Вот только на ресепшене, куда мы все же обратились, сказали, что Константин Щаславович уехал сразу после выступления. И в его машину, помимо водителя и охранника, который нес контейнер с какой-то рептилией или амфибией, никто больше не садился.
Как и следовало ожидать, Василису мы не нашли ни на следующий день, ни через неделю. Не видели ее и у столичных знакомых. Домой она тоже не приезжала. Профессор Мудрицкий написал заявление в полицию. Возбудили дело. Всех нас несколько раз вызывали к следователю. Но никаких концов отыскать не смогли, хотя по наводке профессора обшарили все водоемы в окрестностях парк-отеля и даже провели обыск в особняке Бессмертного.

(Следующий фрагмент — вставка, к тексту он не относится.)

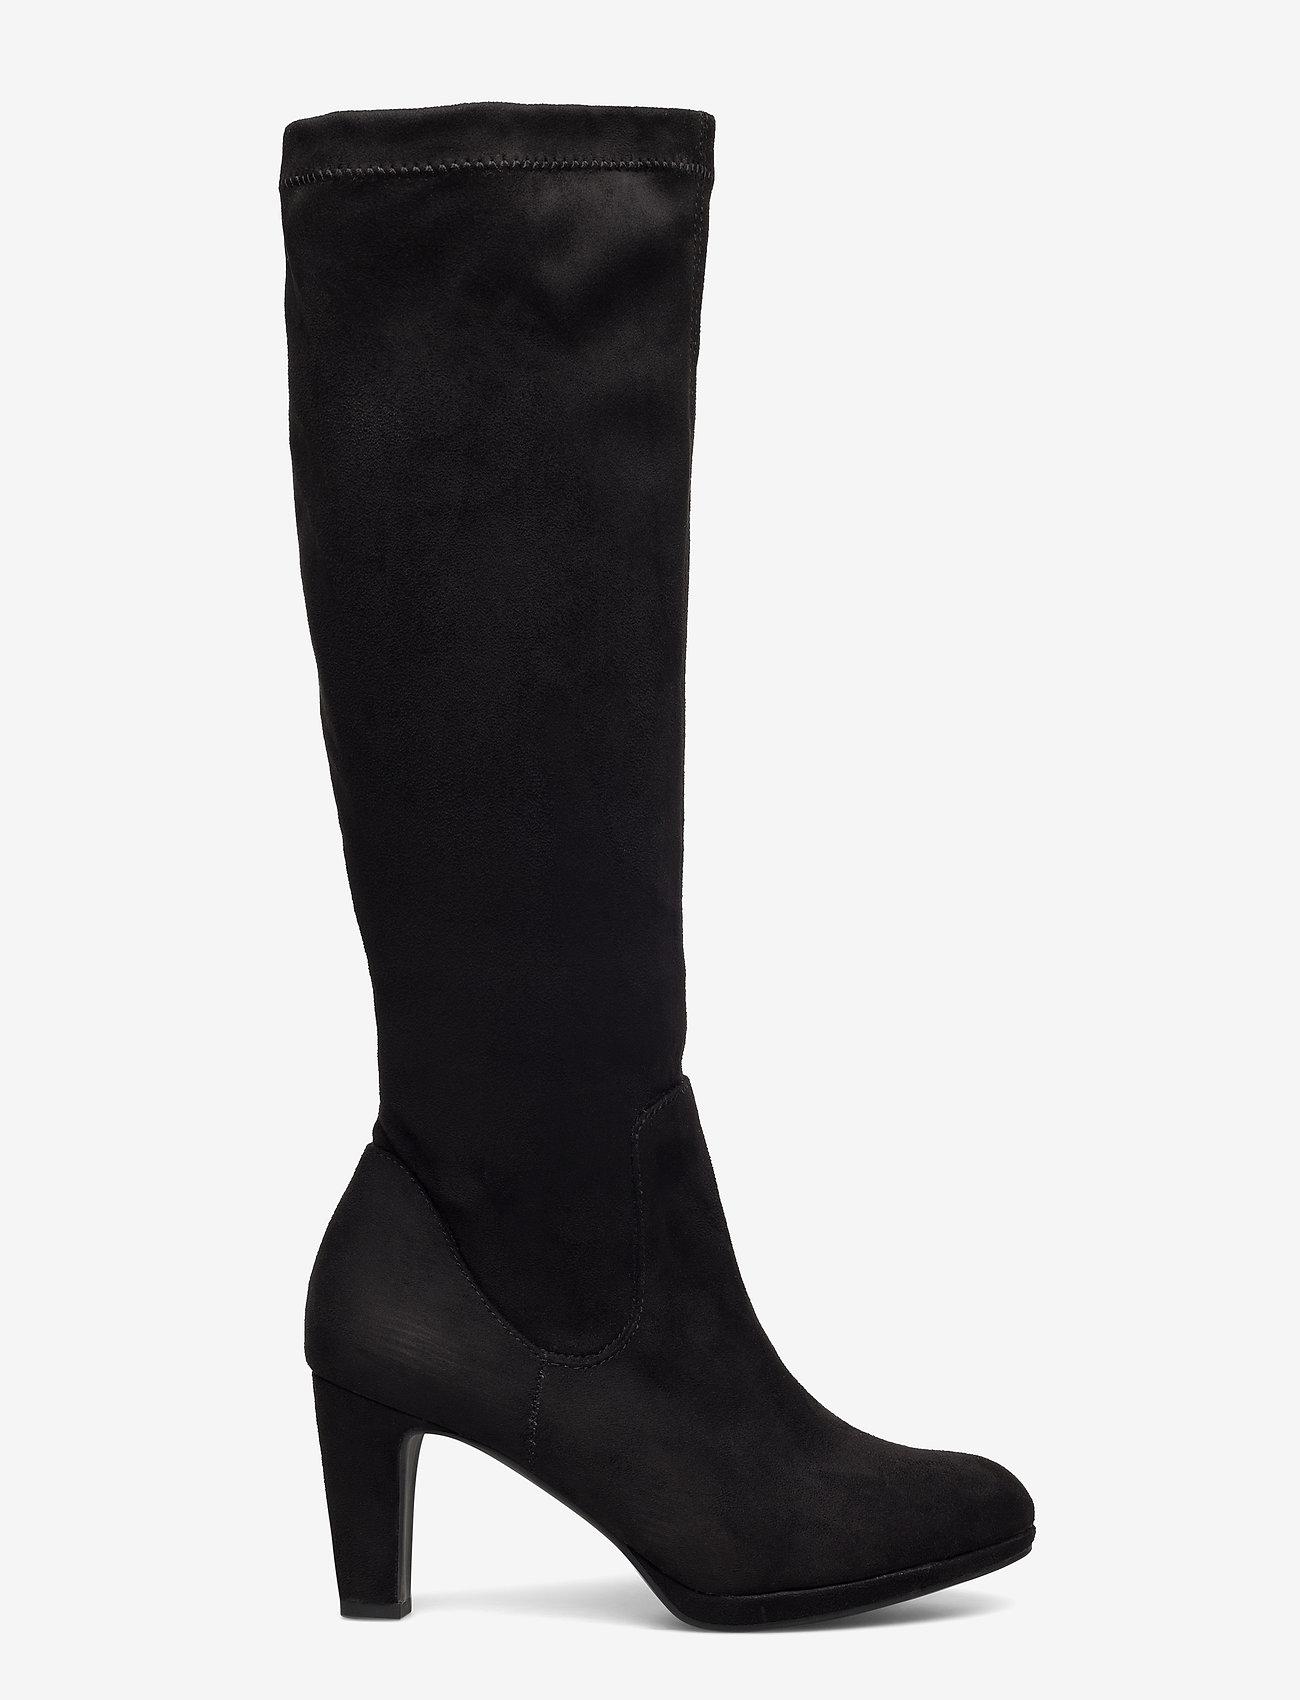 Tamaris - Woms Boots - Moffen - garie zābaki - black - 1
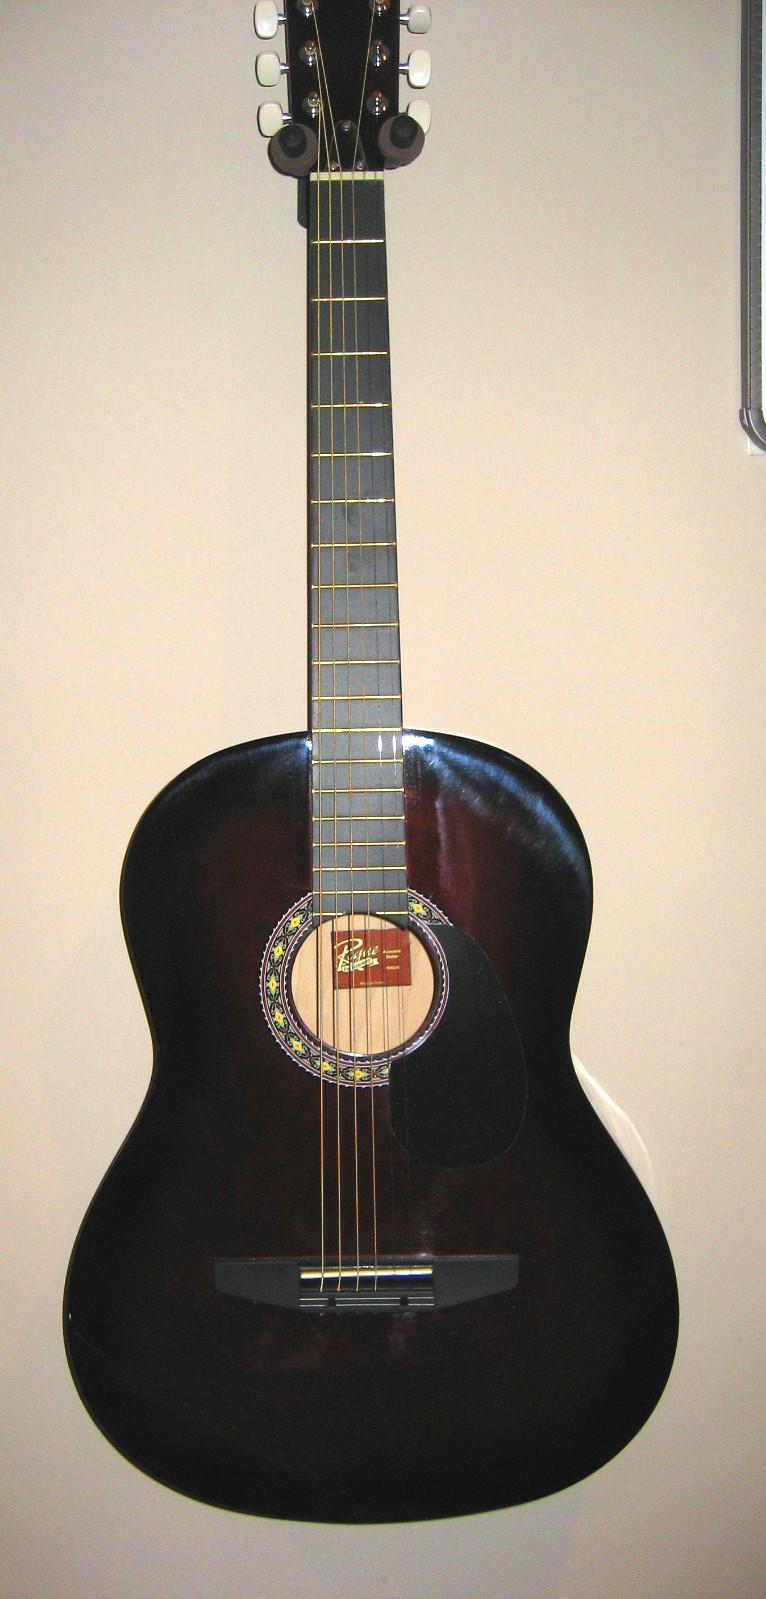 Beginner Guitar Lessons in Lancaster Pa

Безутешный Андрей Васильевич уехал домой и лишь иногда переписывался с Ваней по поводу его курсовой. Константина Щаславича мы тоже больше не видели, и руководитель ансамбля под наши неодобрительные взгляды тихо вздыхал: какую бизнесмен подкидывал денежную халтуру! Василисе достаточно быстро нашли замену: жизнь-то продолжалась. В Академии к концу осени объявление о розыске сняли. Что людей пугать. Траурных церемоний тоже не проводили: тела ведь так и не нашли.
И вот теперь почти год спустя Василиса неведомо откуда объявилась в соседней комнате, с жадностью утопающего покрывая поцелуями губы моего брата и безуспешно пытаясь его добудиться. А в пустом аквариуме лежала пестрая лягушачья шкура.
Глава 3. Японские панкейки и дудочка кудесника
— Василиса! Вася! Да как же это возможно? Откуда ты тут? Мы ж тебя обыскались!
Эти слова невысказанными застыли у меня на губах, внезапно сделавшихся неподатливыми, словно после заморозки. Да что там губы, все тело налилось свинцом, не давая мне даже пошевелиться.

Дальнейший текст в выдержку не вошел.